Embora a popularidade do esporte esteja crescendo entre as mulheres, ser mulher na praia em Marrocos costuma trazer complicações. “Quando vou apenas com uma amiga, às vezes encontramos pessoas hostis”, diz Rabaa. “Mas se eu for com um cara, está tudo bem.”

Depois que ela veste a roupa de neoprene, porém, a dinâmica muda frequentemente. “Quando as pessoas veem você com uma prancha de surf, não se aproximam de você, não há mais assédio sexual”, acrescenta El Amraoui. “Ou pensam que você é rico e pertence a um dos clubes de surf, ou presumem que você é lá apenas para treinar e não para flertar.”

Zainab Rabaa. Foto: Emma Larbi

Os ocasionais olhares de desaprovação dos banhistas não são as únicas considerações que pesam sobre as surfistas. Suas famílias muitas vezes temem que o esporte seja perigoso demais para as mulheres. “No início, minha família era totalmente contra eu surfar porque tinha medo da água”, lembra El Amraoui.

Rabbaa também teve que se envolver em negociações delicadas com sua família para surfar. “Os pais de meninas que nunca saíram de casa sozinhas ou viajaram dentro do país ficam muitas vezes com muito medo”, diz ela. Seus pais nunca tentaram impedi-la, porque ela foi muito independente desde tenra idade. “Desde pequena que quero sair sozinha”, diz ela com orgulho. “Fiz a minha primeira viagem aos 20 anos. Fui à praia, então eles habituaram-se.” Além disso, as famílias “têm mais medo dos homens”, acrescenta, “do que das ondas”.

Ines Tebbai é uma estrela em ascensão de 17 anos entre os surfistas profissionais do Marrocos.
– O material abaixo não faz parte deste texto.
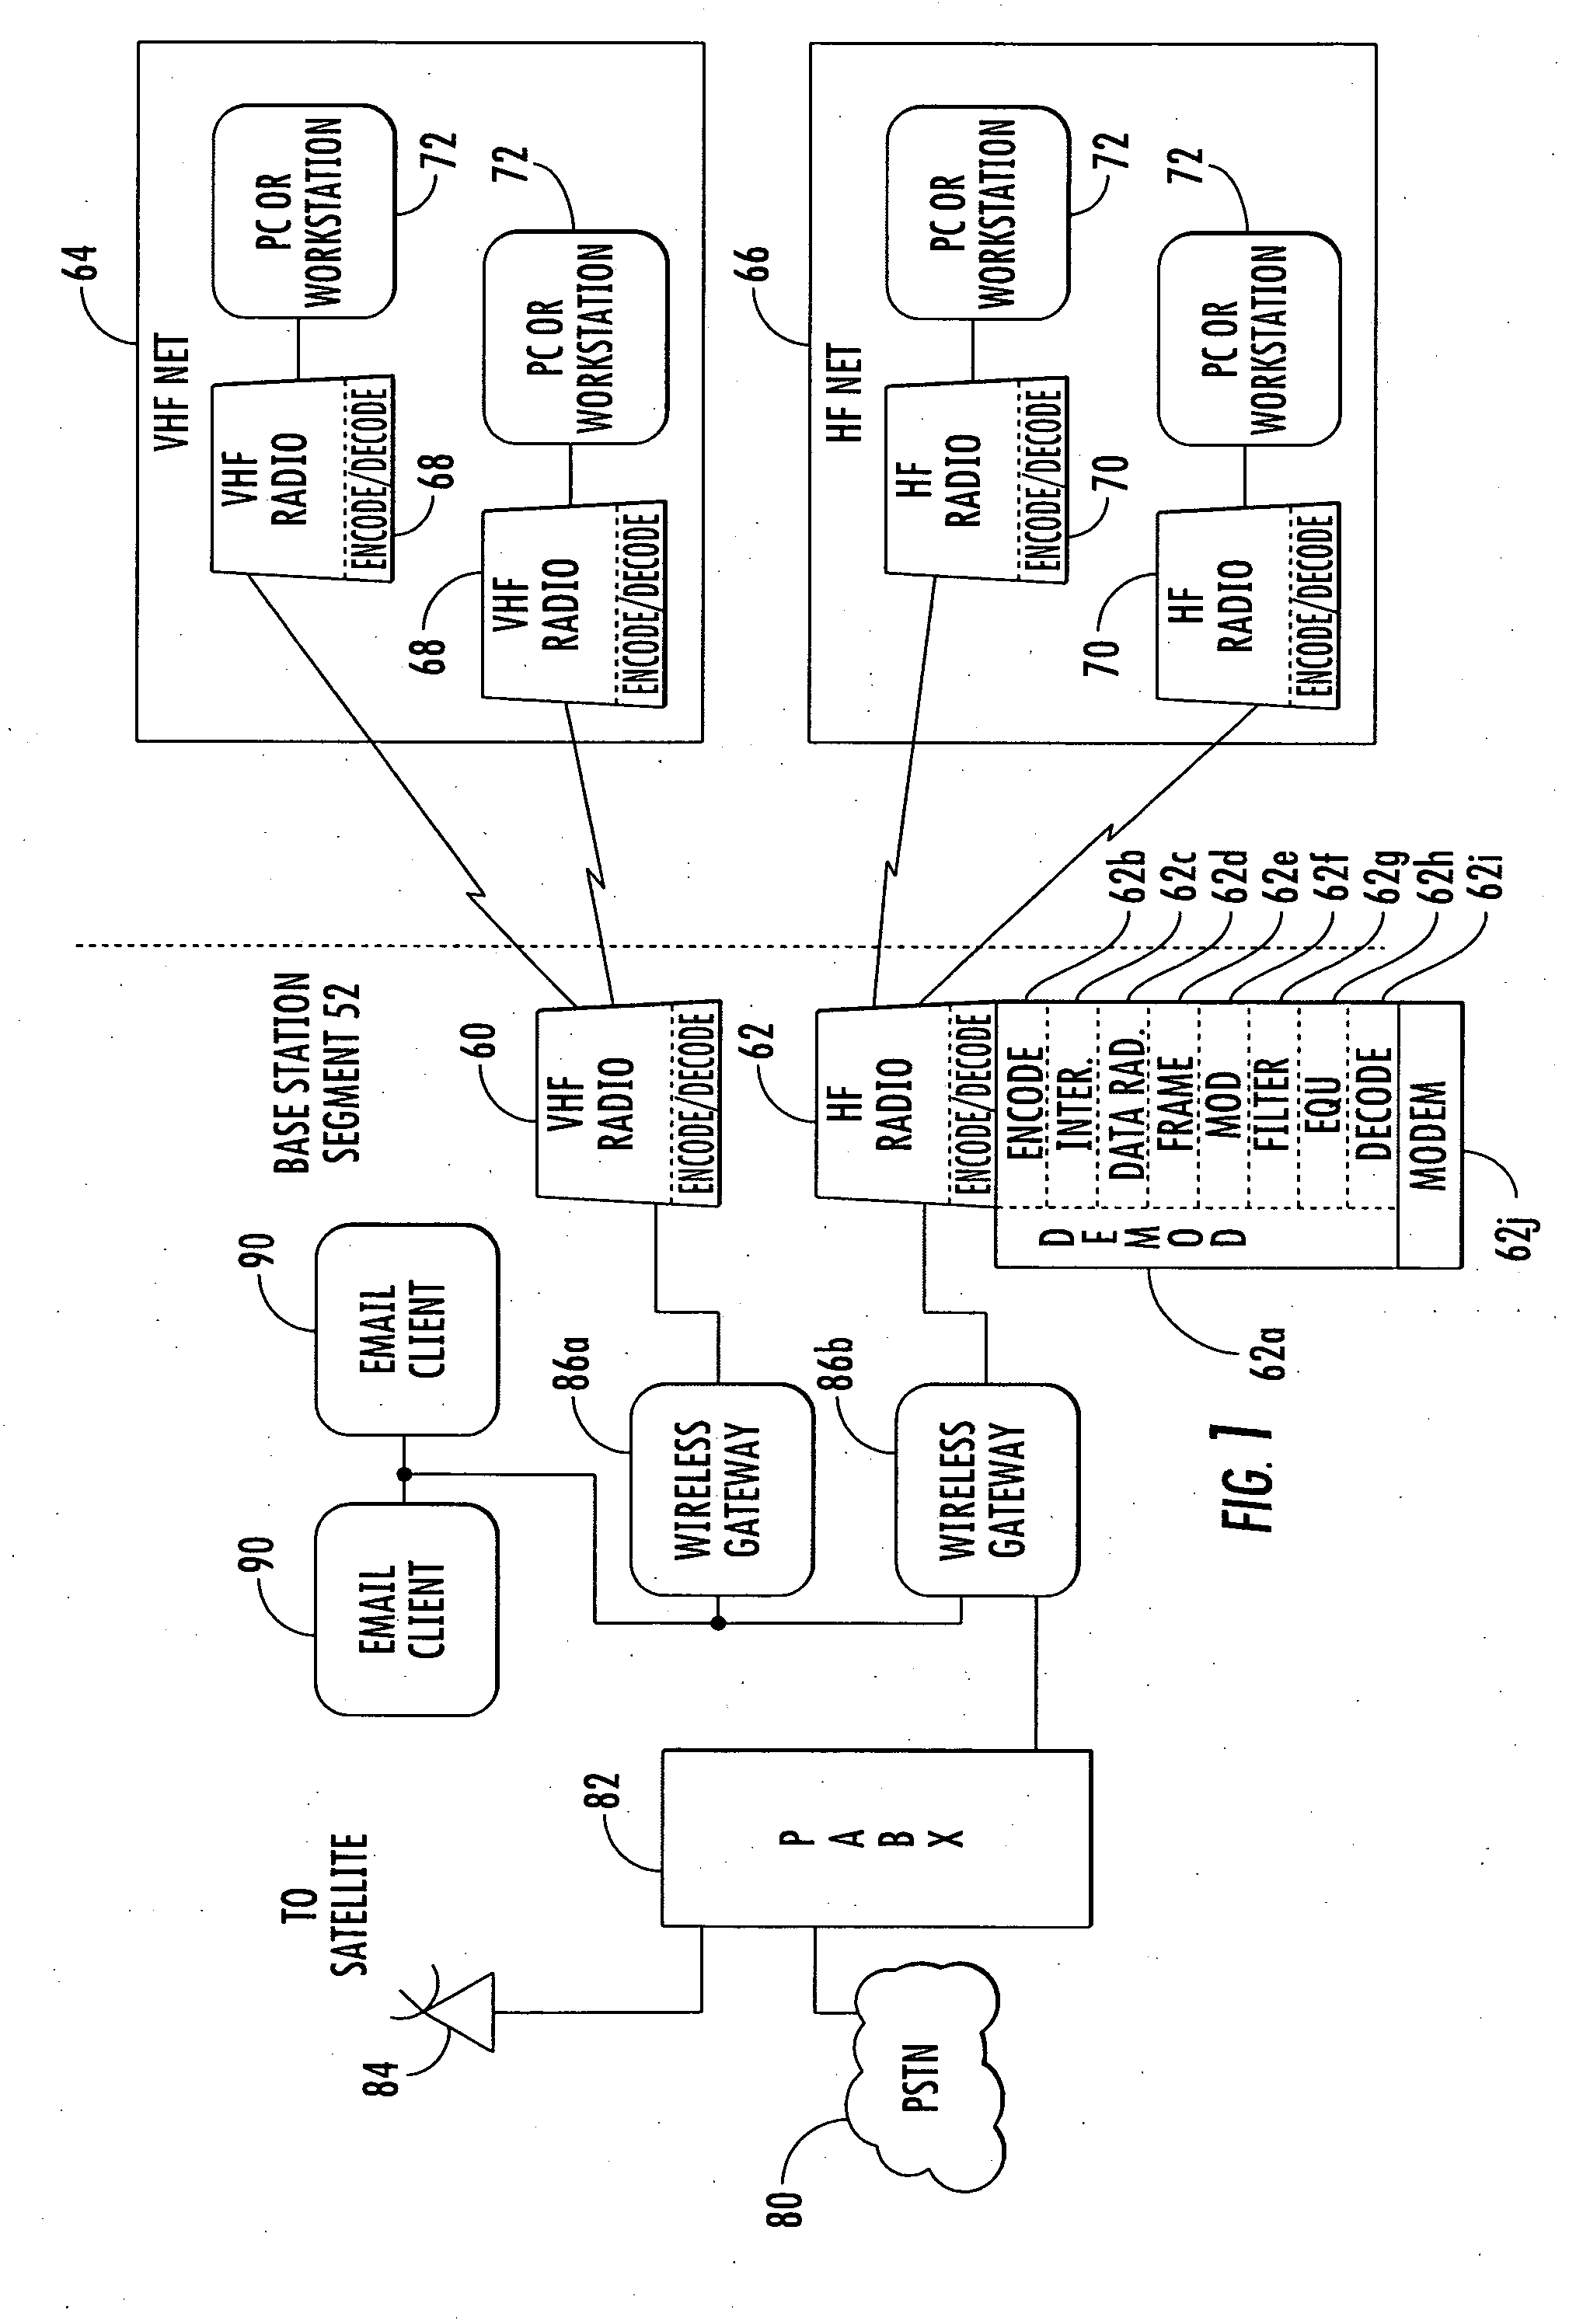 System and method for communicating data using constant amplitude equalized waveform
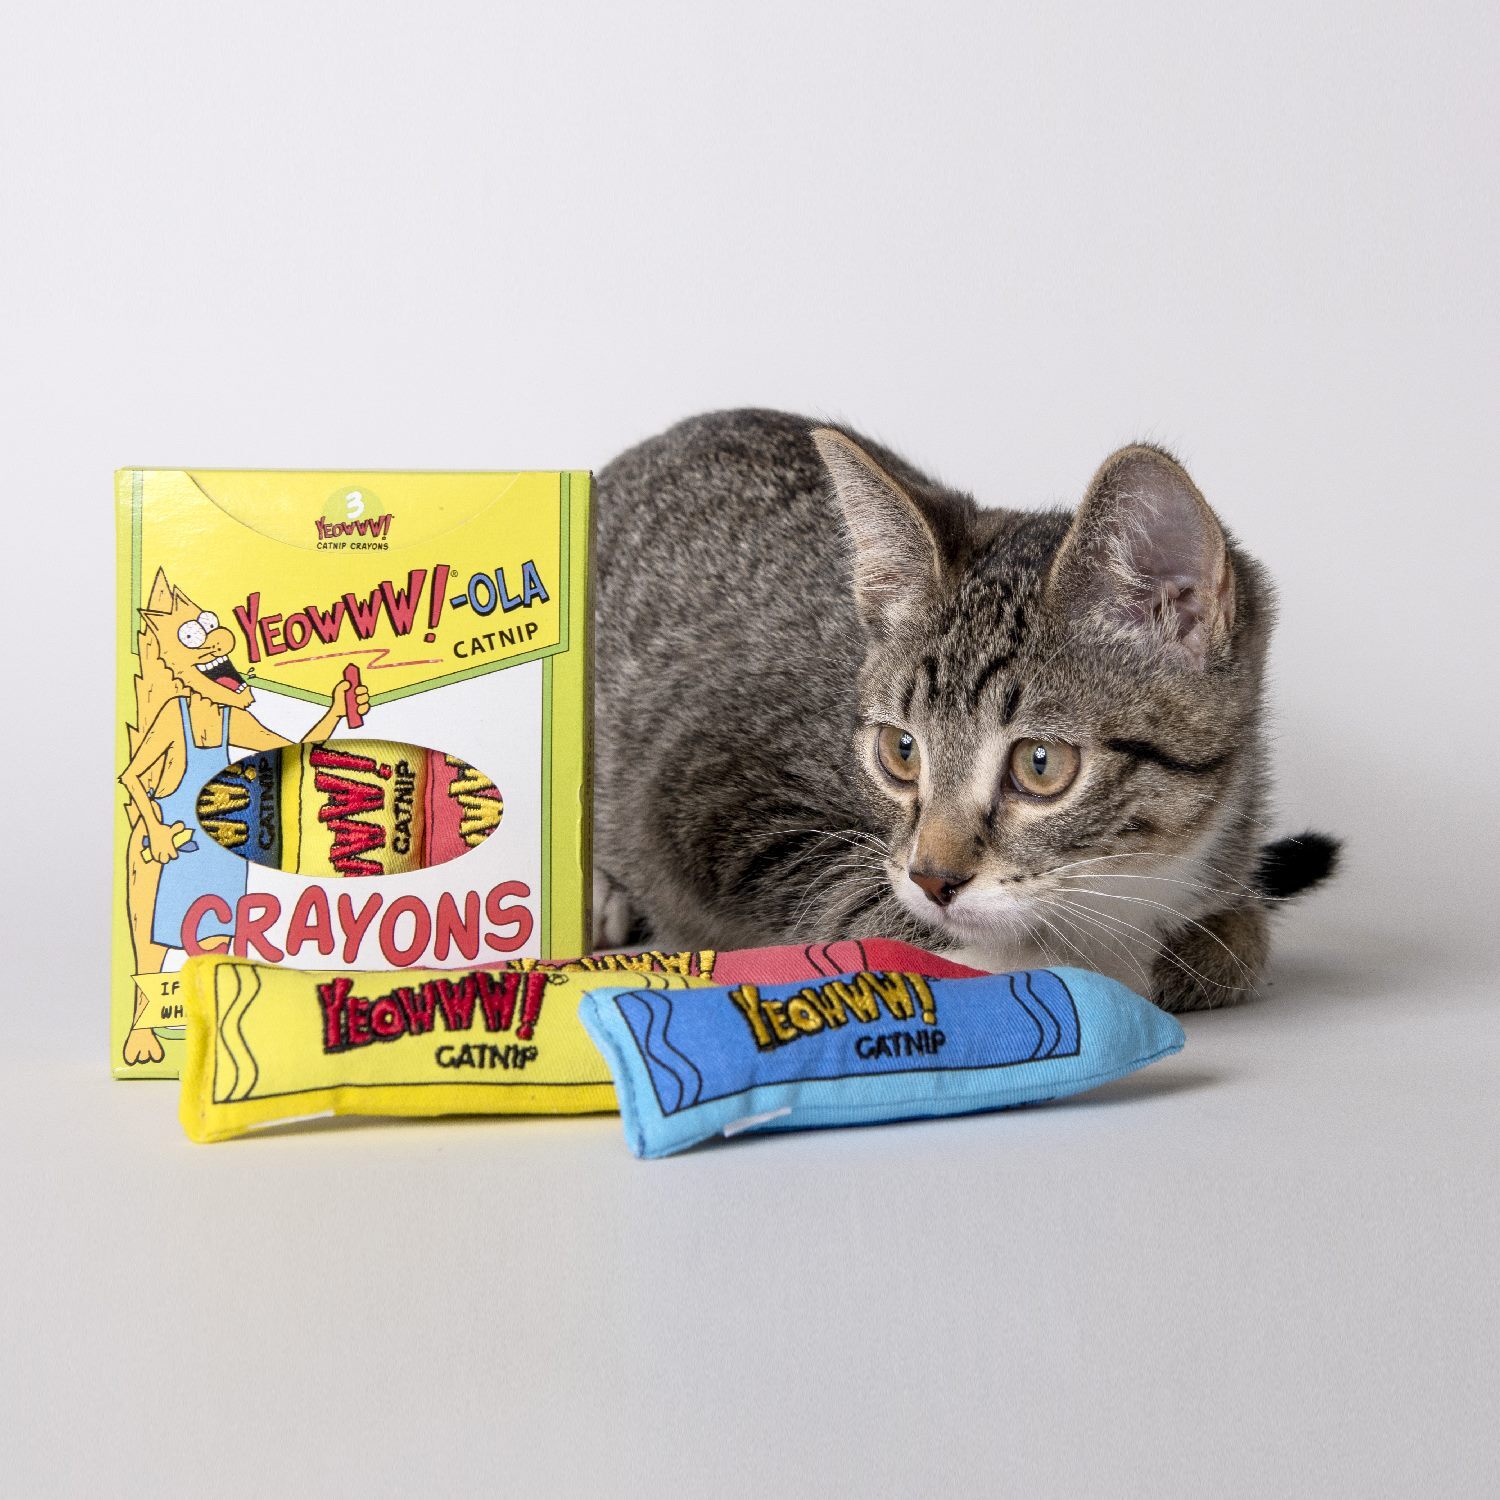 Yeowww! Cat Toys with Pure American Catnip - Yeowww!-ola Crayon image 5

Encontro-me com ela no apartamento da sua família em Casablanca, a poucas centenas de metros do mar, onde uma série de pranchas de surf estão expostas na sala, medalhas e troféus cobrindo as prateleiras. Tebbai ainda está no ensino médio, mas está matriculada em um programa de ensino à distância e estuda de forma independente. Em dois anos, ela estudará nas Ilhas Canárias, na Espanha. “Se eu for para o exterior, conseguirei um cartão de residência, viajarei pela Europa e ganharei mais experiência”, diz ela, esperançosa. “Eu poderia conhecer surfistas internacionais e talvez encontrar oportunidades mais competitivas.”

Inês Tebbai. Foto: Emma Larbi

Tebbai já representa Marrocos em competições, tal como a sua irmã mais velha, Lilias, que é uma das três surfistas marroquinas que competem internacionalmente. “Ainda é um desafio vencê-la”, ela brinca. Apesar da pouca idade, Tebbai já participou nos campeonatos marroquinos, europeus e africanos, seguindo os passos de Fatima Zahra Berrada, a primeira mulher marroquina a surfar em competições internacionais em 1996.